E estamos todos tão faltos de atenção, de afeto, de pessoalidade. Esta vida nossa de cada dia tem uma tônica tão grande de impessoalidade, que até me angustia.
Talvez por isso mesmo é que o Face Book teve tanta aceitação entre as pessoas deste séculoXXI. Todas falando de si mesmos pra ninguém em especial, apenas falando …Diria, falando ao vento, apenas para terem a sensaçãop de que estão sendo ouvidas.
Isso é muito triste, de se constatar, mas é um fato.
Numa época em que a comunicação é tão fácilitada e que nos ligamos com o mundo, as pessoas são extremamente tão sós e isoladas
Paradoxal o ser humano. Paradoxal a vida.
Saudades da conversa em frente um cafezinho. Deixar recado no Face Book e tomar café sozinhos, coisa mais esquisita.
E não adianta você ter tempo para as pessoas , elas não o têm para você.
Não vejo como vamos reverter esse processo de isolamneto a que as pessoas estão se impondo.

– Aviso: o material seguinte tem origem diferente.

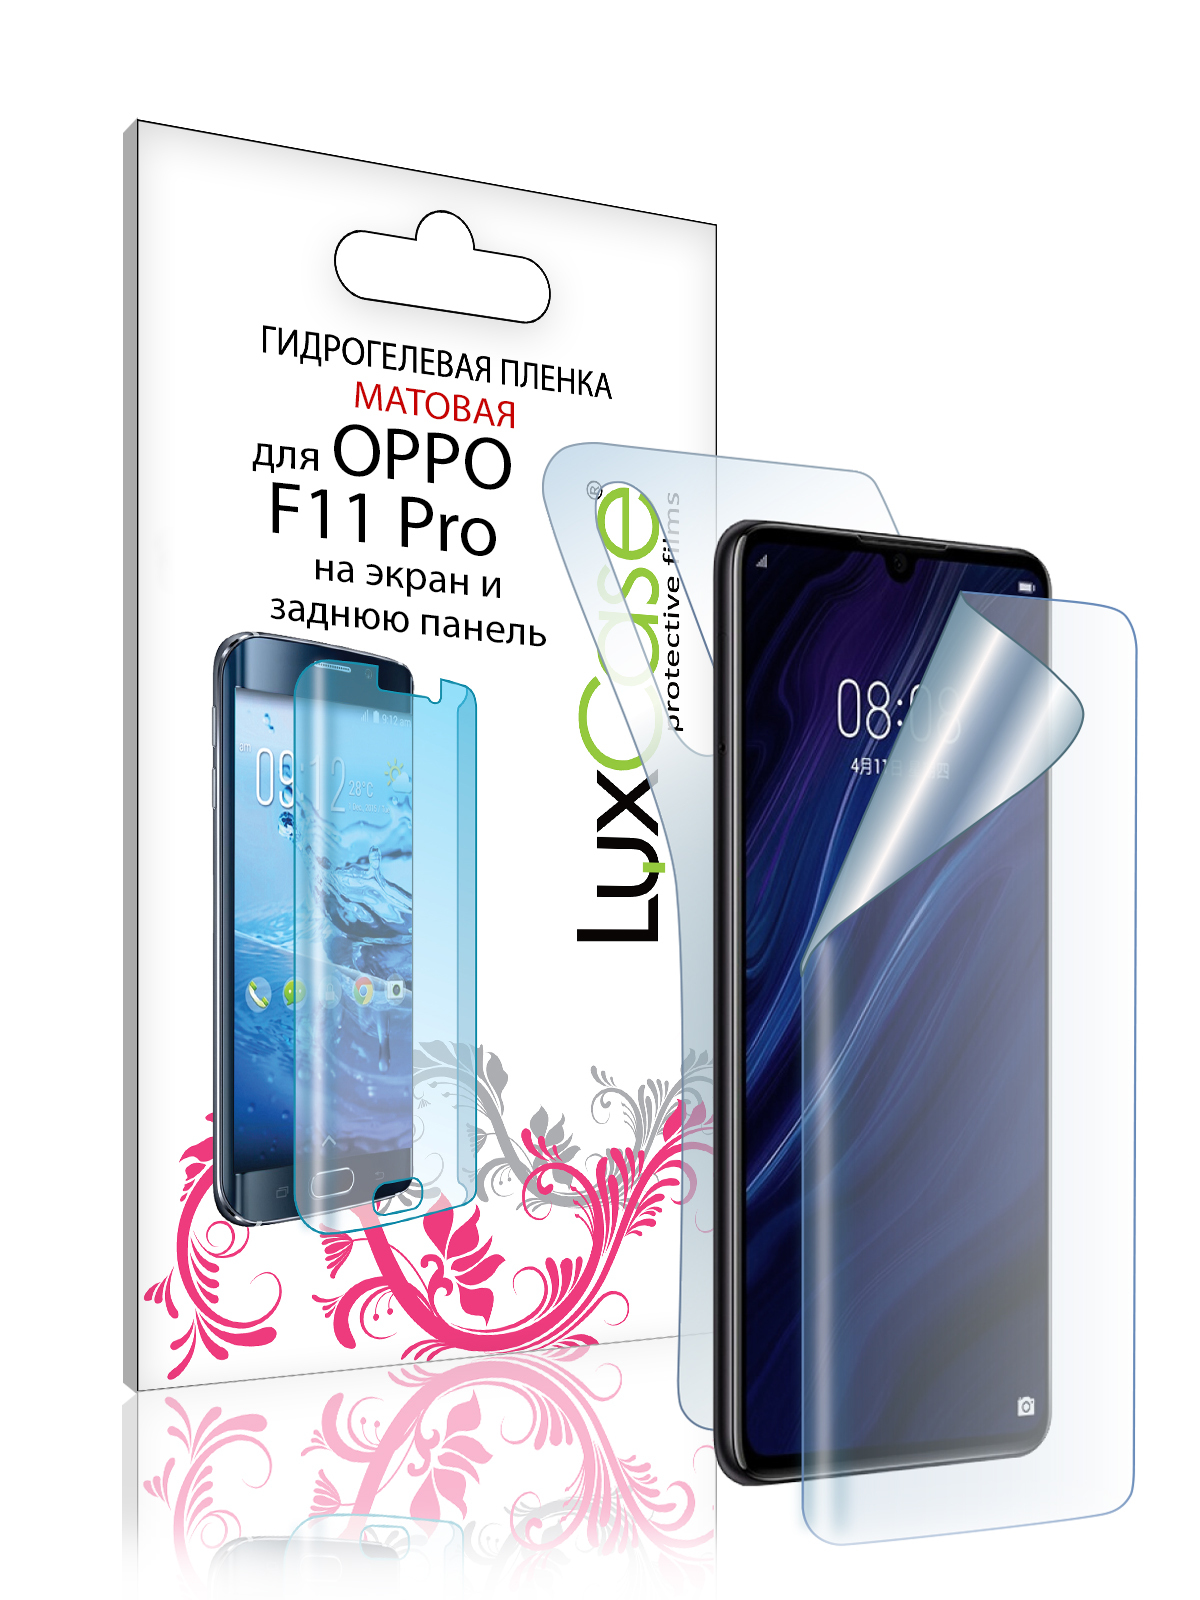 Пленка гидрогелевая LuxCase для Oppo F11 Pro 0.14mm Front and Back Matte 86776 гидрогелевая пленка luxcase для oppo f11 pro 0 14mm back matte 86775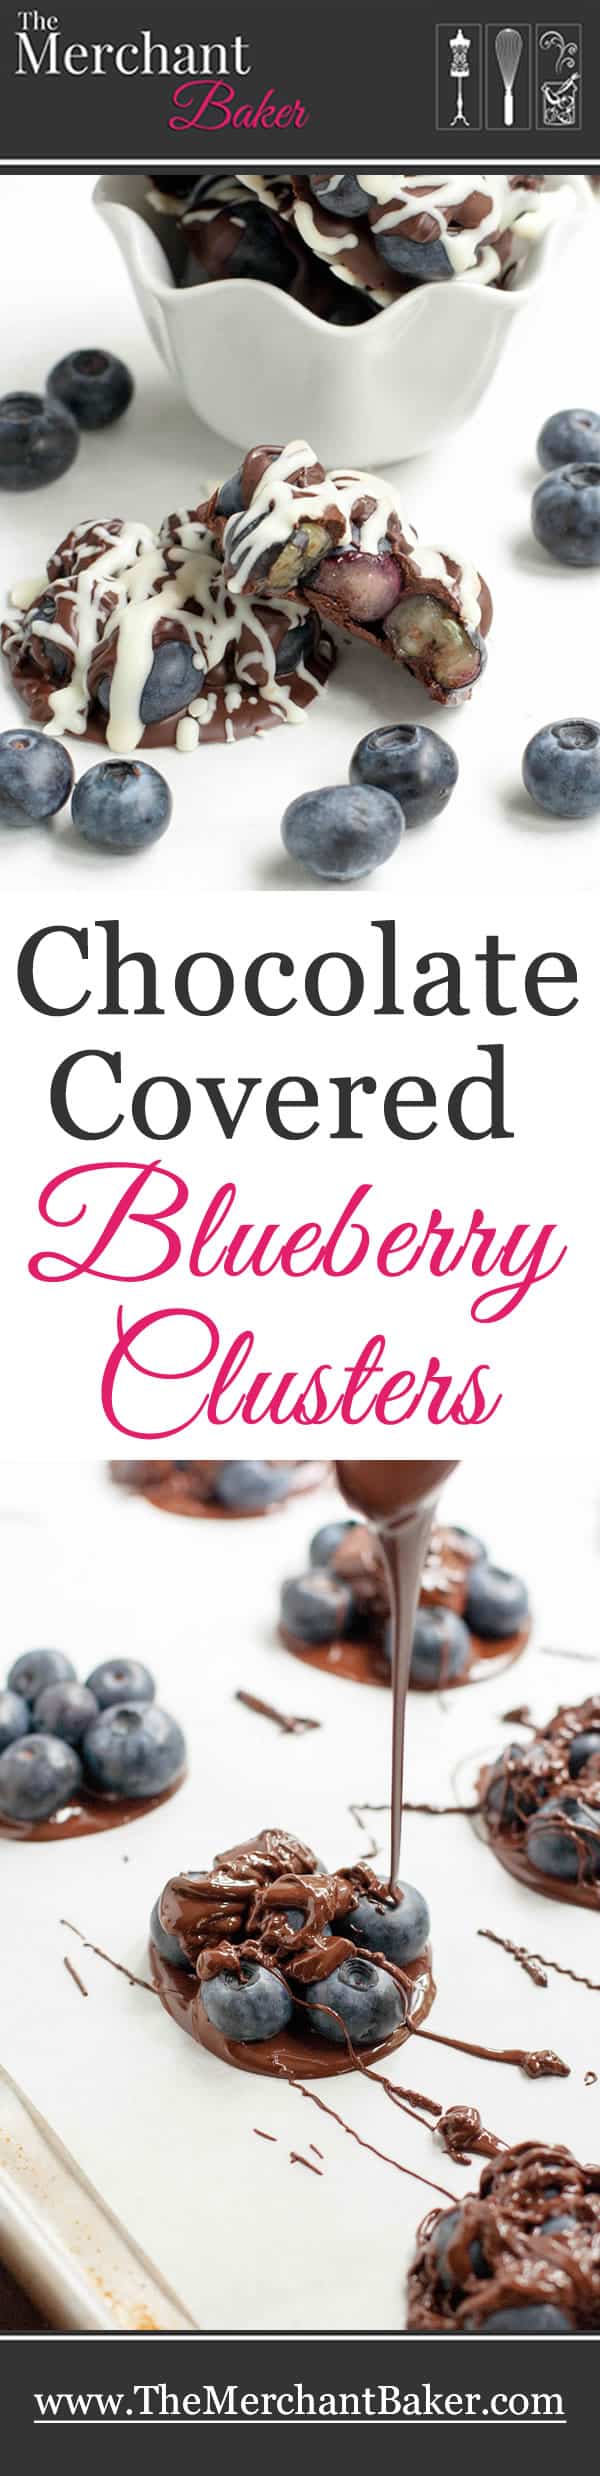 chocolate covered blueberry clusters

Aconteceu comigo uma coisa interessante; enquanto estava longe, fora de minha cidade, e do Brasil, um homem daqui da minha cidade, deixava recados todos os dias e até duas vezes por dia, no FB só falando em me conhecer e me encontrar. Pois foi só eu retornar, e avisá-lo, pra ele tomar doril e sumir.
A virtualidade está tornando os homens ( sentido genérico) covardes, inseguros. iludidos , mentirosos, O pior estão mentindo pra si mesmos. brincando de faz de conta, sem necessidade de se expor, de mostrar as fragilidades e sem precisar de viagra, se for o caso.
Será que vai haver um ” turning point” pra essa situação, que se não abrigasse tanta tragicidade dentro de si mesma, seria cômica.
Nas grandes cidades, as pessoas não abrem mais as casas aos amigos. marcam encontro nas cafeterias. E o prazer de partilhar a mesa, um pedaço de bolo, ou simplesmente um pãozinho quente com manteiga, tão comum no interior de minha infância e juventude?
Quando me casei, minhas amigas continuaram a ir à casa de mamãe às 3h da tarde, porque sabiam que lá havia uma mesa posta com café, bolinho de chuva e muito afeto. Que bem fez isso à minha mãe…
Não rínhamos nem sentíamos a síndrome do ninho vazio, porque dificilmente o ninho ficava vazio.
Sabe que escrever tudo isso me fez um bem enorme?
Minha tristeza deu lugar à uma sensação boa de desabafo. Não tem amigos pra lhe ouvir? Escreva, minha querida, escreva. Além de fazer bem, não corre o risco de sofrer juízo de valor.
Brincadeirinha meio irônica…Amigos que têm ouvidos são necessários de mais da conta, como diriam os mineiros.